- San Francisco Solano Location in Greater Buenos Aires
- Coordinates: 34°46′S 58°19′W﻿ / ﻿34.767°S 58.317°W
- Country: Argentina
- Province: Buenos Aires
- Partido: Quilmes and Almirante Brown
- Founded: 1949
- Elevation: 12 m (39 ft)

Population (2001 census [INDEC])
- • Total: 81,707
- CPA Base: B 1846 & B 1881
- Area code: +54 11

= San Francisco Solano =

San Francisco Solano, usually known as Solano, is a city in Buenos Aires Province, Argentina. It forms part of the Greater Buenos Aires agglomeration.

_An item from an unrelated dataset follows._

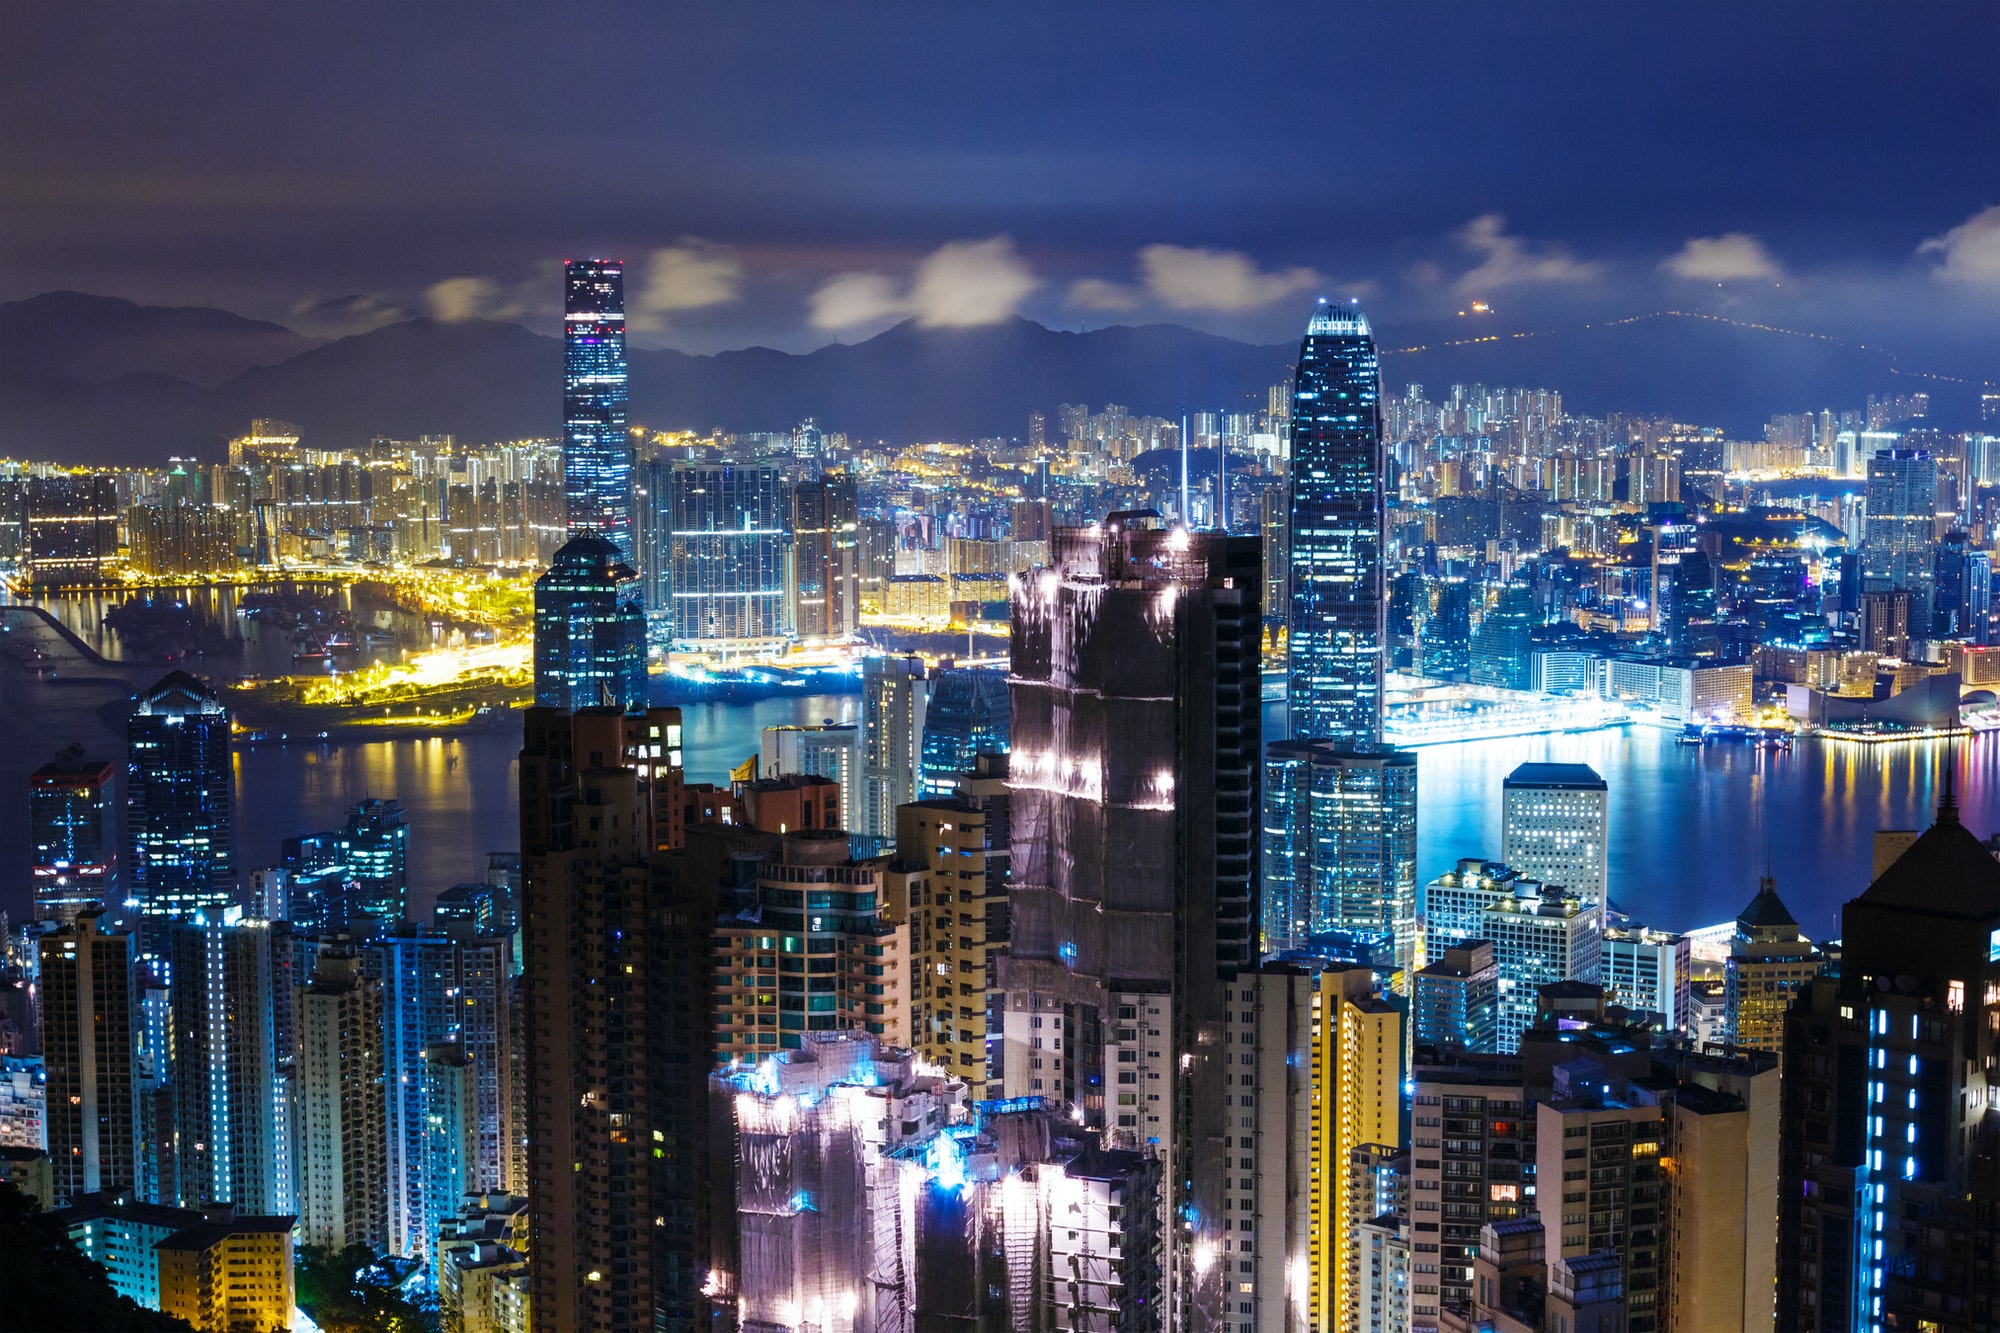 Hong Kong skyline from Peak at mid night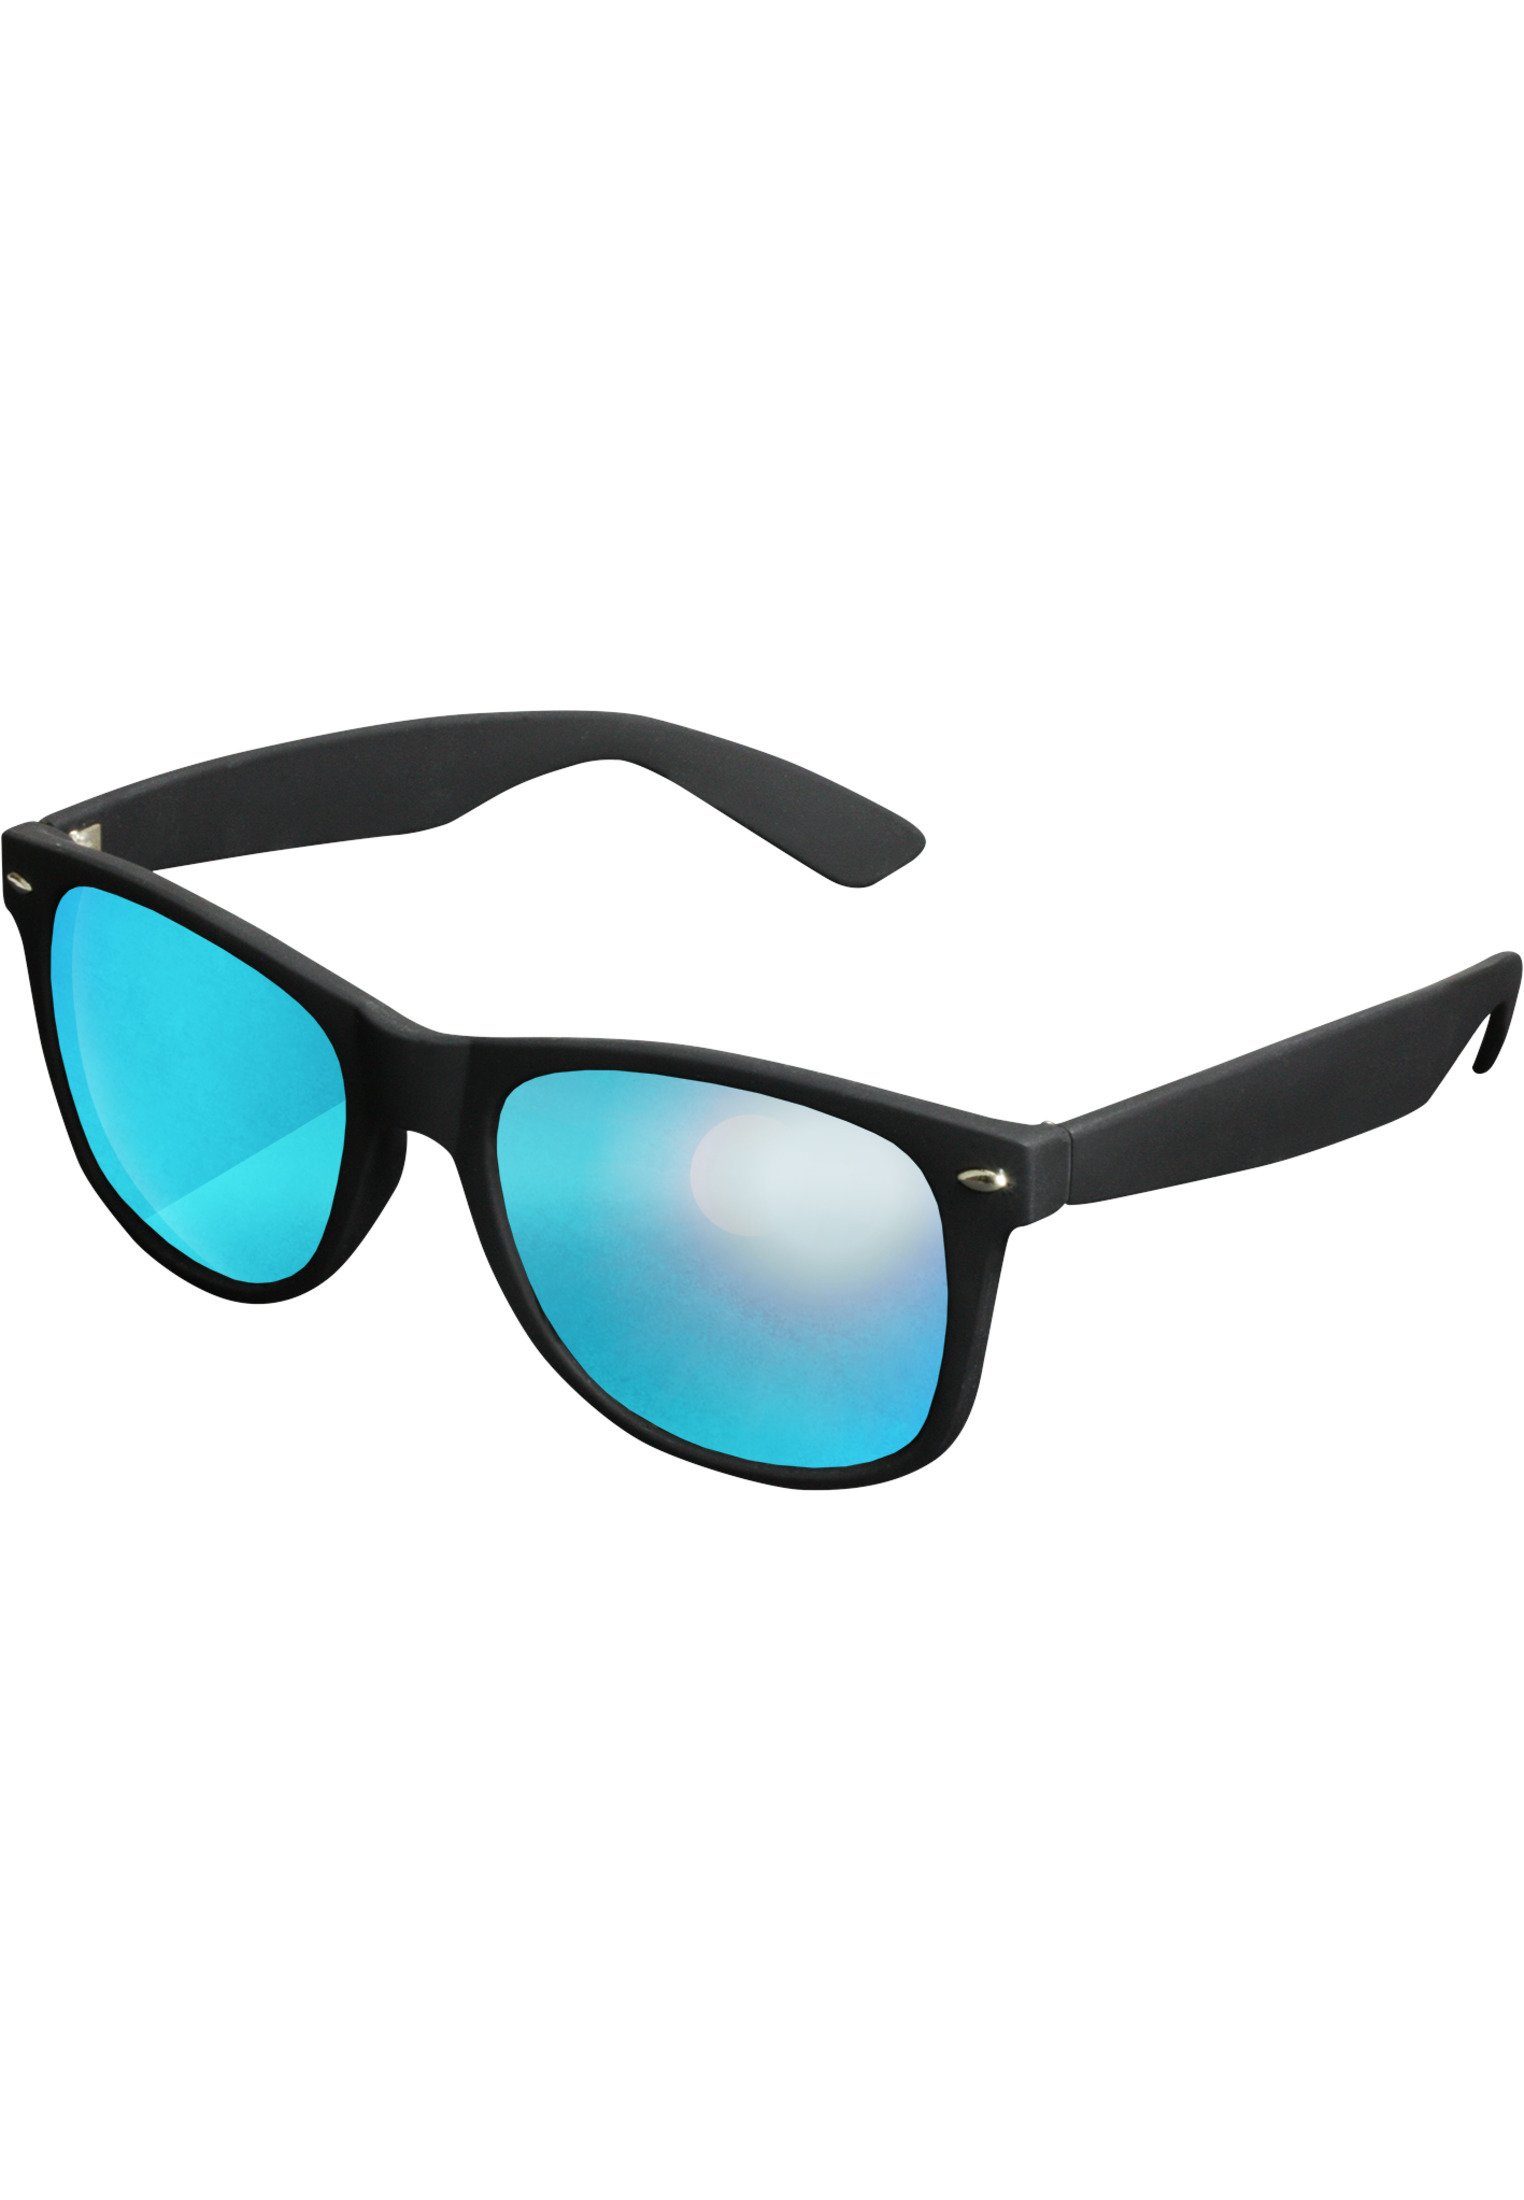 MSTRDS Likoma Sonnenbrille Mirror Sunglasses blk/blue Accessoires

It is divided between the Quilmes and Almirante Brown partidos.

==History==
- 17 February 1173, the Franciscan convent of Buenos Aires buys territory in the area but sells it in 1871
- 1948, the territory is subdivided into plots and sold by the provincial administration
- 1949, the settlement is officially founded with the name of San Francisco Solano, despite a council resolution to name the settlement after Paulino Barreiro, a Buenos Aires-born judge assassinated in 1840
- 12 October 1981, the settlement is officially declared a city

==Name==
The city is named after Spanish missionary St. Francisco Solano (10 March 1549 – 14 July 1610).

==Population==
There are 53,363 inhabitants who live in the Quilmes-administered part of the city and 28,344 inhabitants in Almirante Brown partido.